SECTION 20. DEFAULT.
In the event that Service Provider is in default under the terms of this Agreement, the
City shall not have any obligation or duty to continue compensating Service Provider for any
work performed after the date of default. Instead, the City may give notice to Service
Provider of the default and the reasons for the default. The notice shall include the
timeframe in which Service Provider may cure the default. This timeframe is presumptively
thirty (30) days, but may be extended, though not reduced, if circumstances warrant. During
the period of time that Service Provider is in default, the City shall hold all invoices and shall,
when the default is cured, proceed with payment on the invoices. In the alternative, the City
may, in its sole discretion, elect to pay some or all of the outstanding invoices during the
period of default. If Service Provider does not cure the default, the City may take necessary
steps to terminate this Agreement under Section 19 "Termination of Agreement." Any failure
on the part of the City to give notice of the Service Provider's default shall not be deemed to
result in a waiver of the City's legal rights or any rights arising out of any provision of this
Agreement.
SECTION 21. EXCUSABLE DELAYS.
Service Provider shall not be liable for damages, including liquidated damages, if any,
caused by delay in performance or failure to perform due to causes beyond the control of
Service Provider. Such causes include, but are not limited to, acts of God, acts of the public
enemy, acts of federal, state or local governments, acts of City, court orders, fires, floods,
epidemics, strikes, embargoes, and unusually severe weather.
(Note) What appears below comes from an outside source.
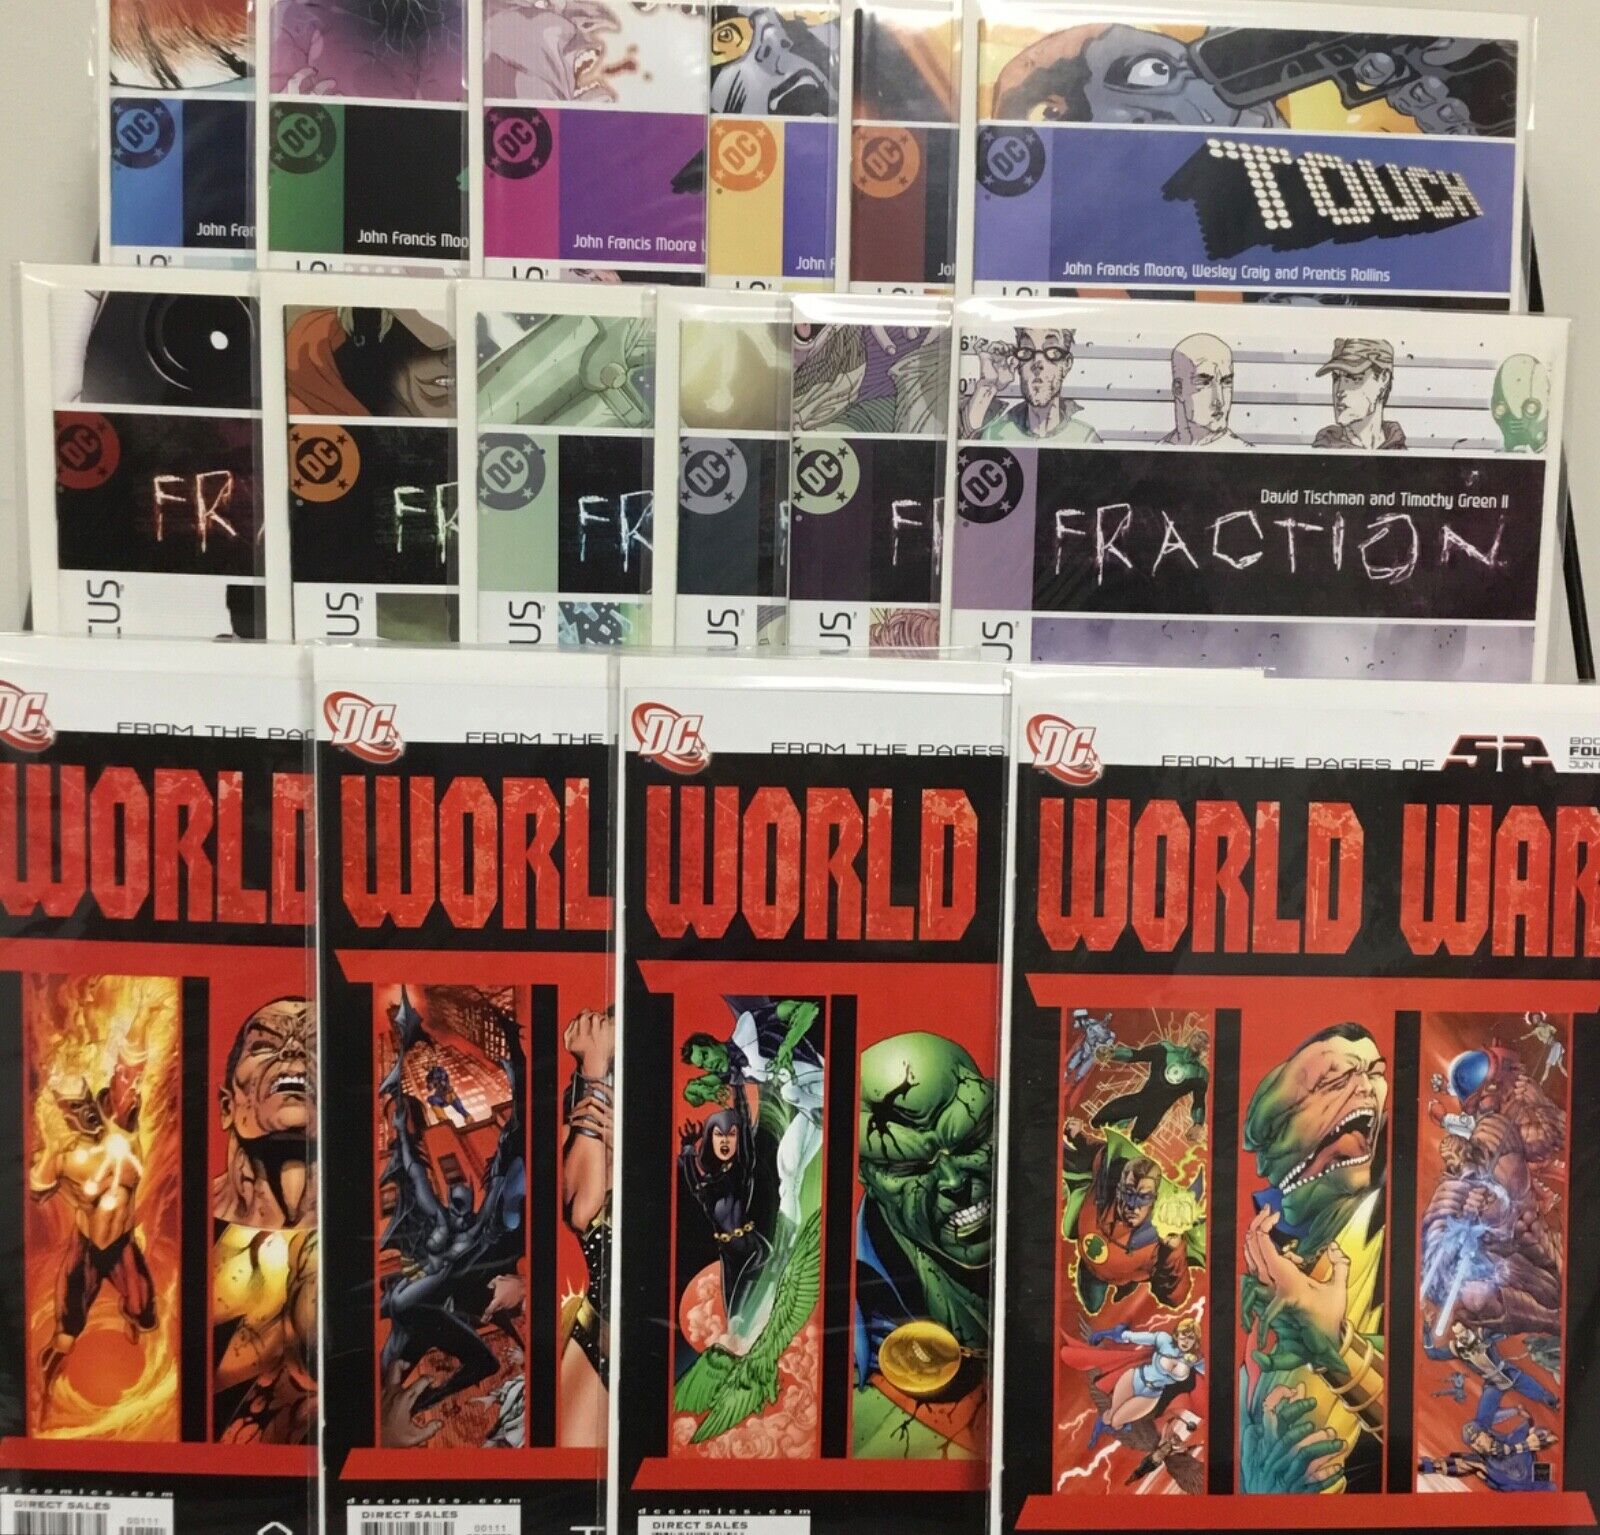 DC Comics Touch 1-6, Fraction 1-6, World War 1-4

The term and price of this
Agreement shall be equitably adjusted for any delays due to such causes.
SECTION 22. COOPERATION BY CITY.
All public information, data, reports, records, and maps as are existing and available to
City as public records, and which are necessary for carrying out the Services shall be
furnished to Service Provider in every reasonable way to facilitate, without undue delay, the
Services to be performed under this Agreement.
SECTION 23. NOTICES.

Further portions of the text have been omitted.